To the contrary, Hidalgo was involved up to her neck from the outset in the conspiracy to steer the contract to Pereyra.  She did not suddenly discover that Pereyra had previously worked on the census outreach project when she was picked for the vaccine contract as she claimed in Court.  She had personally used the census contract as a basis for crafting the scope of work for Pereyra.

Second, while the phrase “good for campaign purposes” might have referred to a “campaign” to vaccinate people, it seems much more likely that it was referring to Hidalgo’s upcoming campaign for re-election, especially considering that political campaigns were Pereyra’s principal background.  If it is ultimately proven that Hidalgo and her staff were in fact planning to use data generated by Pereyra for her re-election campaign, some people are going to be serving jail time.

The Ranger’s affidavit goes on to describe how the unexpected bid from UT Health Science Center nearly upset Hidalgo’s plans to steer the contract to Pereyra and the lengths that Hidalgo’s staff went to torpedo their bid.  At one point, Triantaphyllis texted another staff saying, “We need to slam the door shut on UT and move on.” Again, all this shows that the purpose was to get a contract to Pereyra, not to get people vaccinated.

It remains to be seen exactly what the legal fallout from this will be.  Now that Hidalgo has been caught red-handed rigging the bid, her legal defense seems to be shifting to the argument that it does not really matter because she had the authority under her emergency powers to award the contract without a bid process in the first place.  I have some serious doubts about whether that is correct, especially considering that the County intended to use federal funds for this project.

It is quite easy to see how some of Hidalgo’s staff could be indicted for process crimes.  The subpoena application specifically refers to “Tampering with a Governmental Document” (Tex.Pen.
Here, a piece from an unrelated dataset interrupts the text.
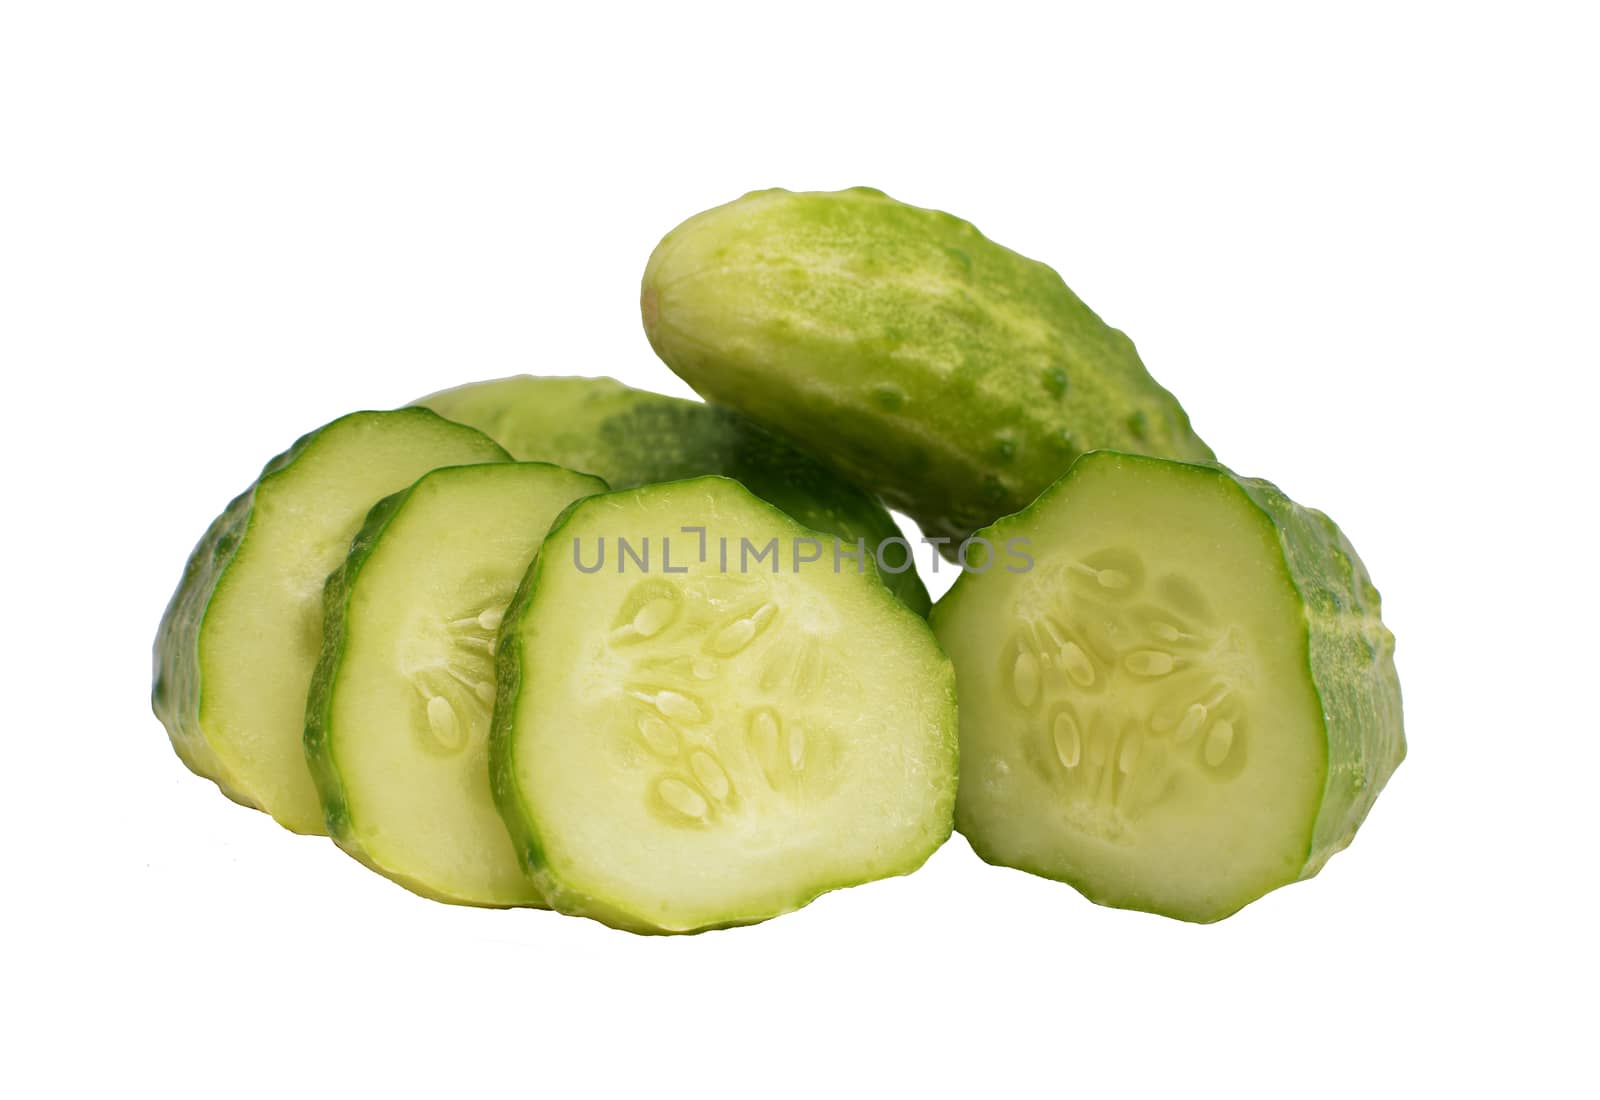 Organic cucumbers on a white background.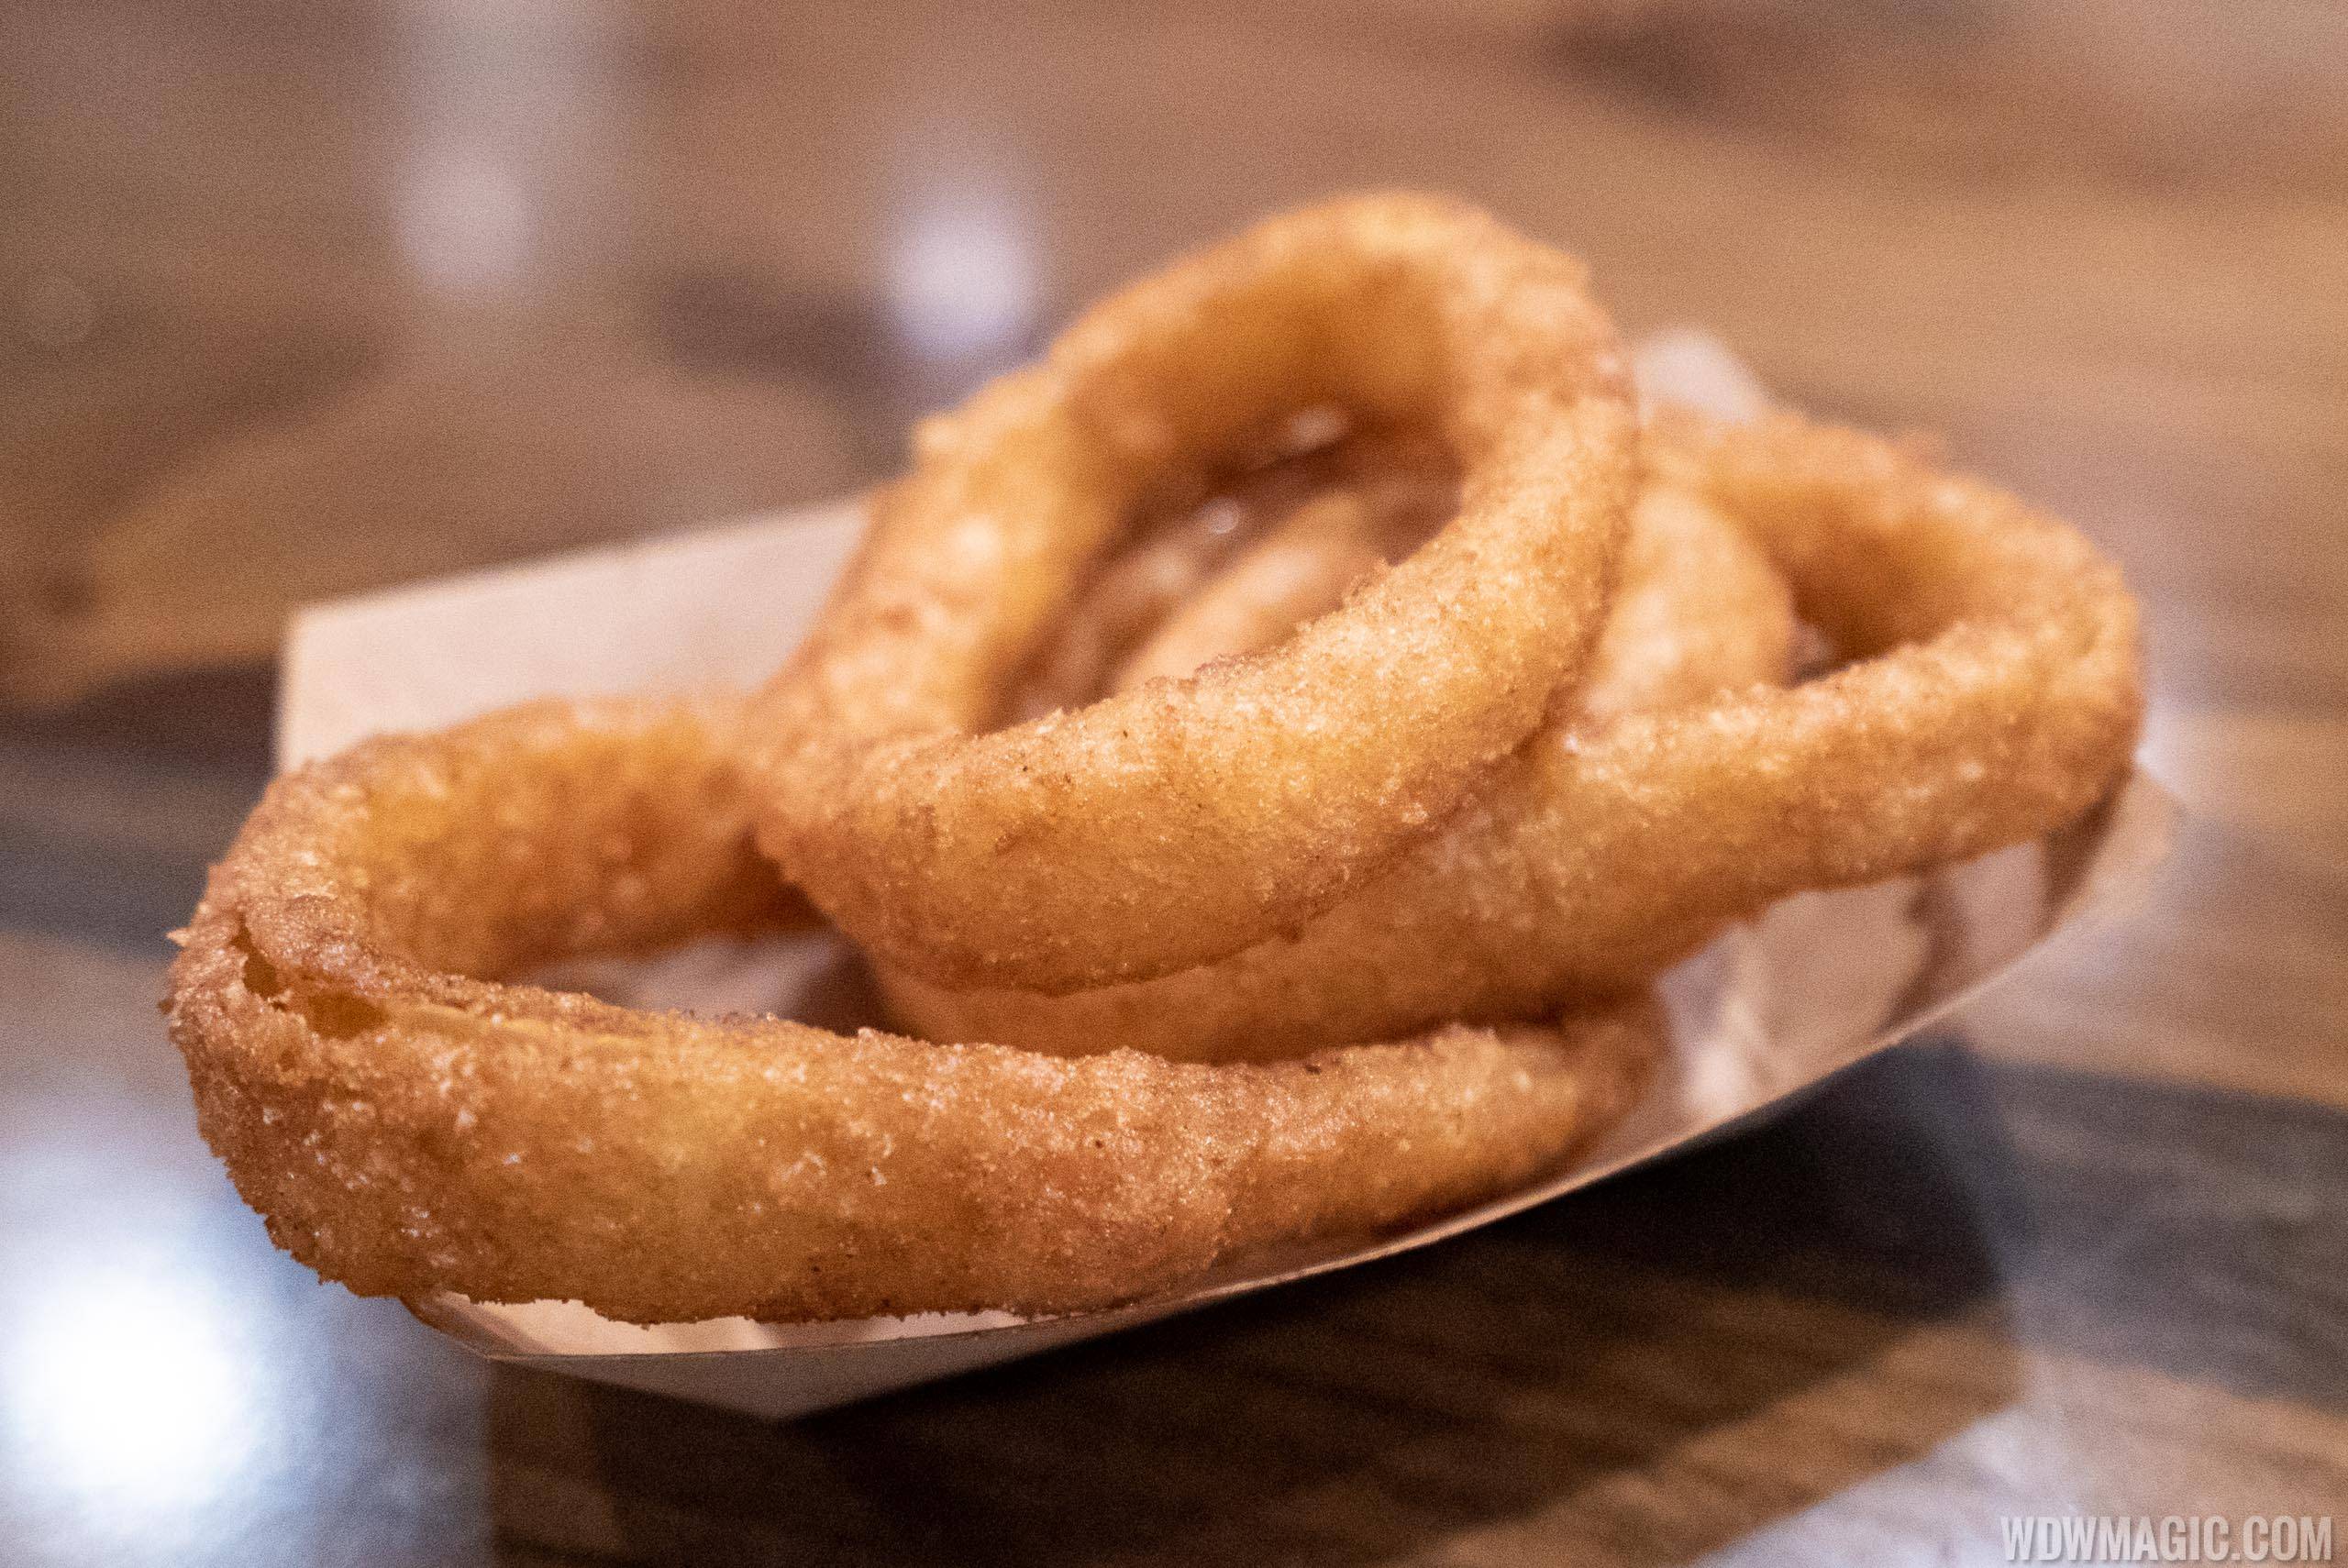 Regal Eagle Smokehouse - Beer-battered Onion Rings

Code §37.10) and “Misuse of Official Information” (Tex.Pen. Code §39.06), both of which can be felony offenses.  Whether those crimes can be imputed to Hidalgo will depend on what additional evidence surfaces.  But it certainly appears that someone on her staff is cooperating with investigators, so there is likely more to come.

But regardless of the legal outcome, Hidalgo’s aura of transparency and her claim to adhere to high ethical standards have been shattered.  It is hard to imagine Harris County residents will give her a second term after these revelations.